[Data for processing]

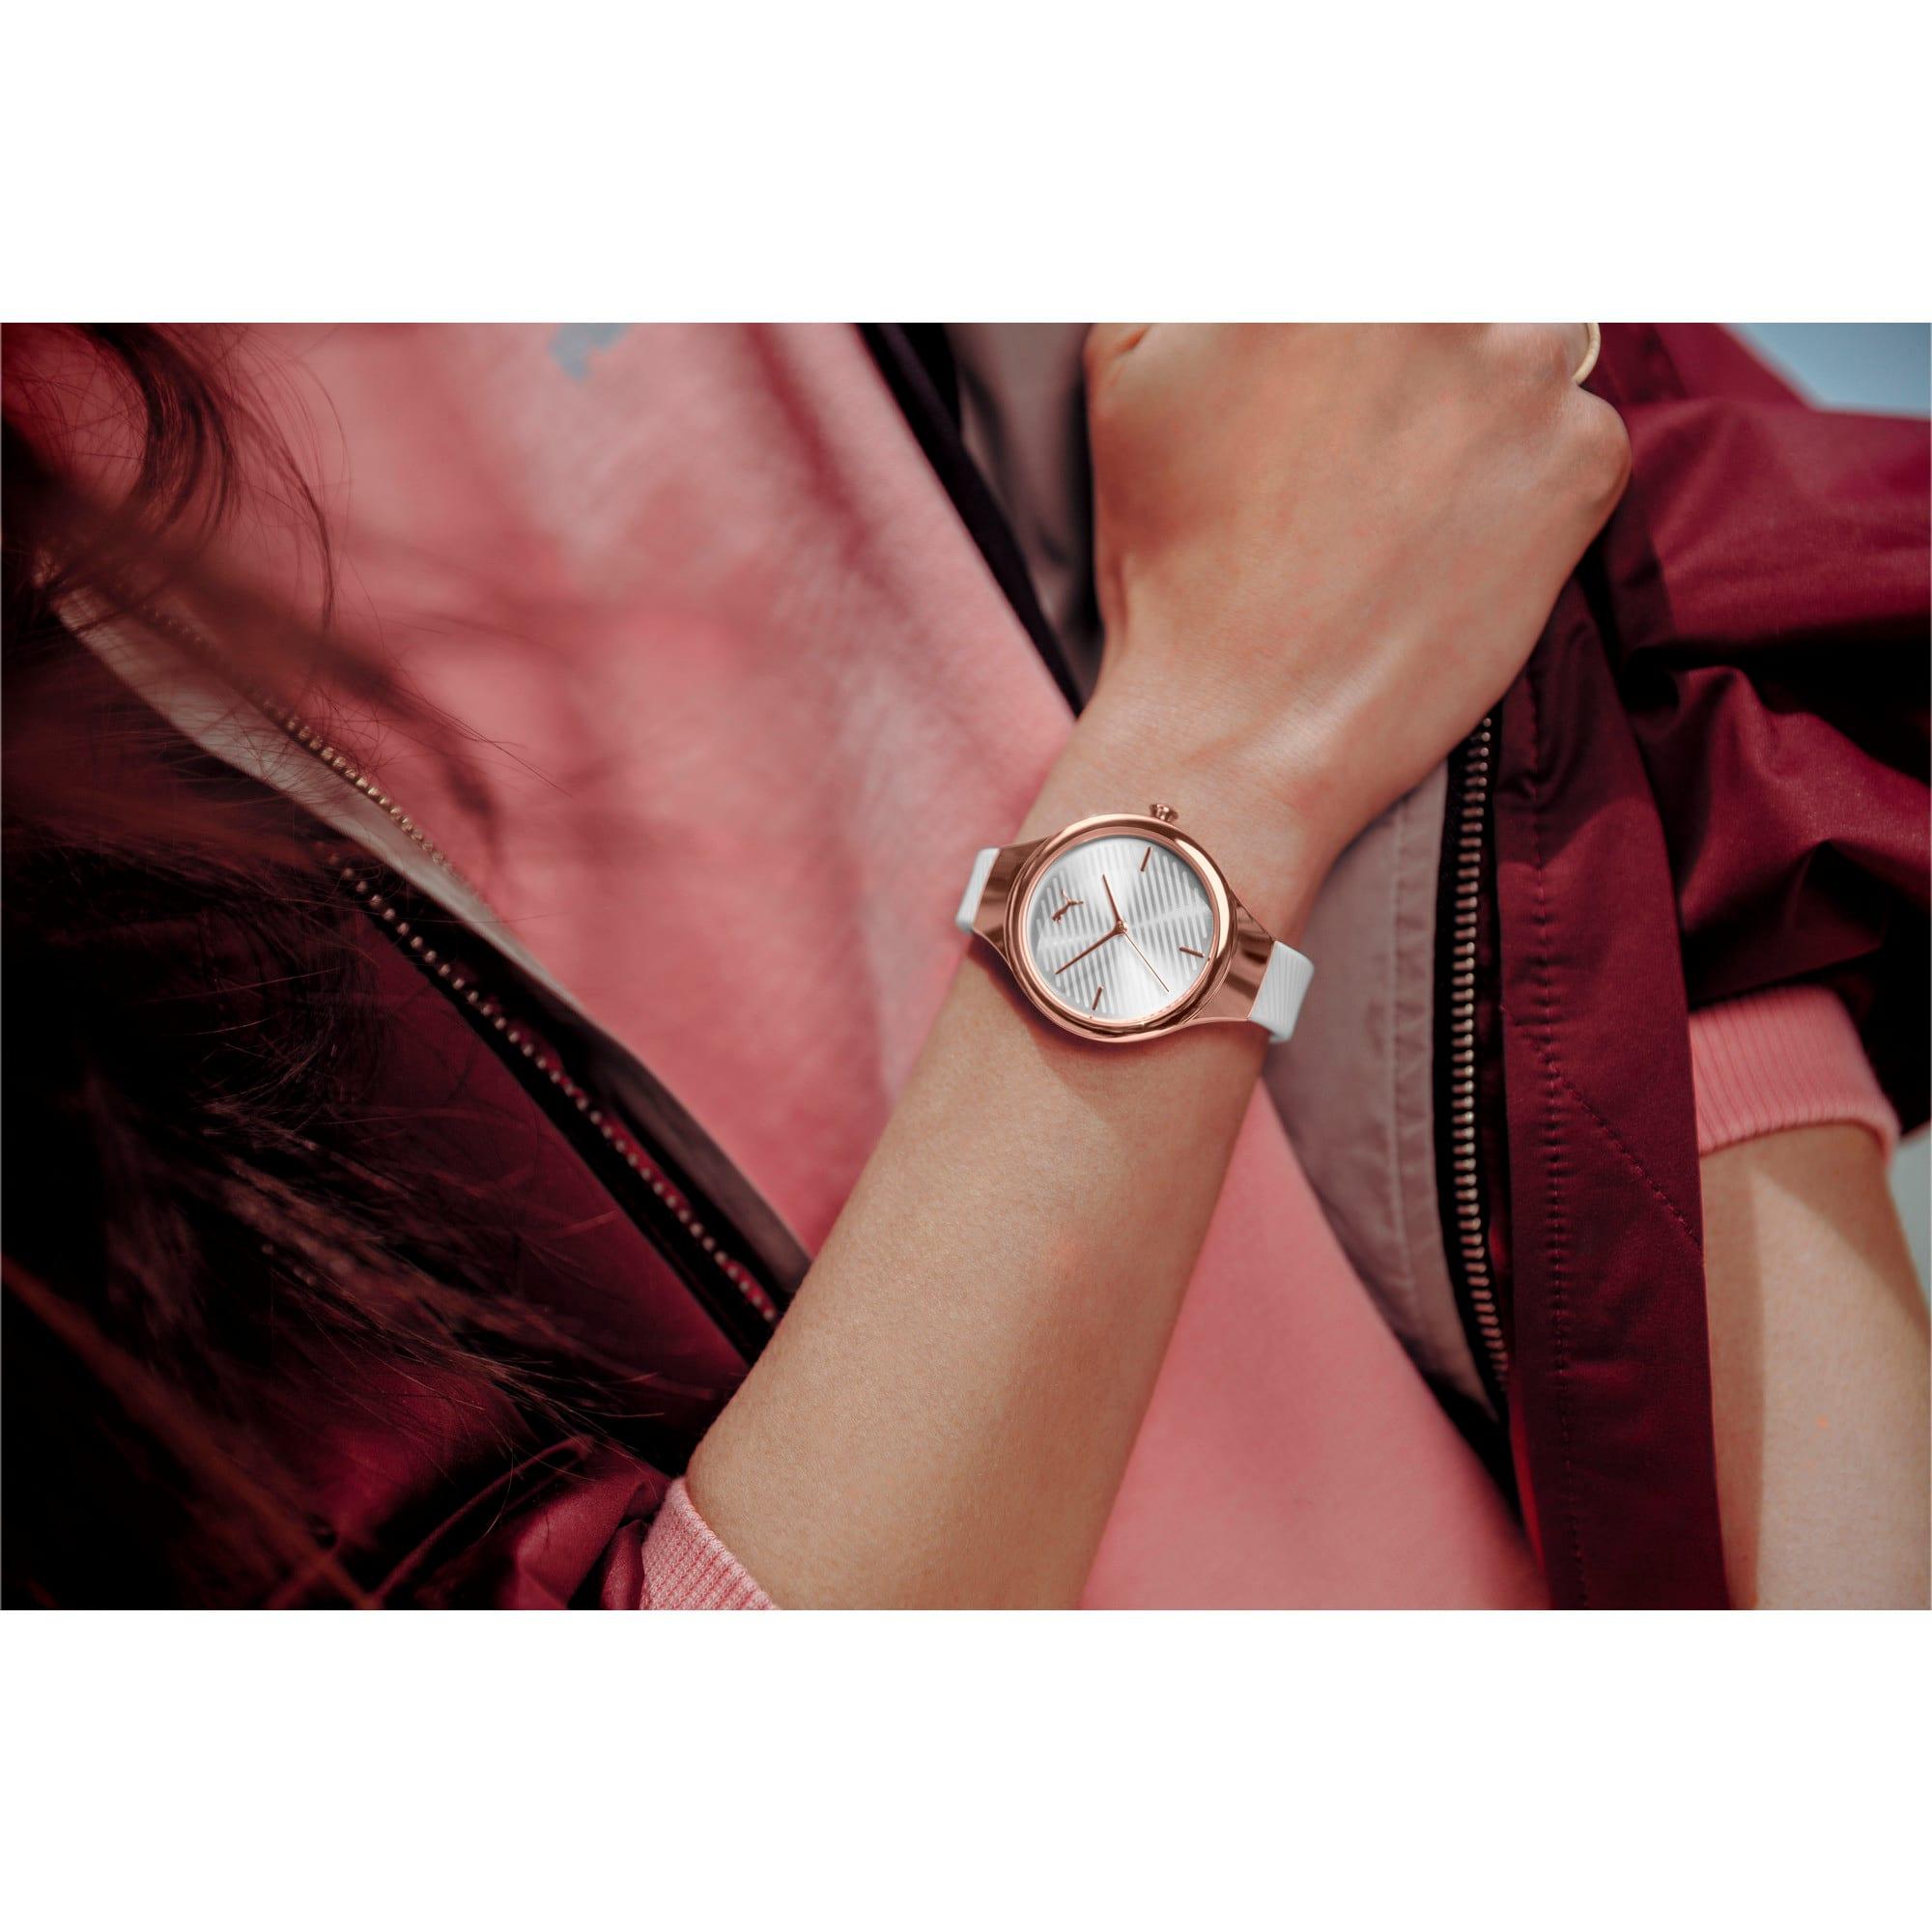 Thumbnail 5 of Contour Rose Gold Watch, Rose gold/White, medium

[/Data for processing]
[Data for processing]

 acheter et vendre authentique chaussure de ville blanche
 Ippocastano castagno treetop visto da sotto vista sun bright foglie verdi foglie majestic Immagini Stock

[/Data for processing]

■ **Try it**
Working from the data above, extract solely the lines from the one containing "acheter et vendre" through the one containing "Ippocastano castagno treetop", exactly as they appear, both included.

■ **Written reply**
 acheter et vendre authentique chaussure de ville blanche
 Ippocastano castagno treetop visto da sotto vista sun bright foglie verdi foglie majestic Immagini Stock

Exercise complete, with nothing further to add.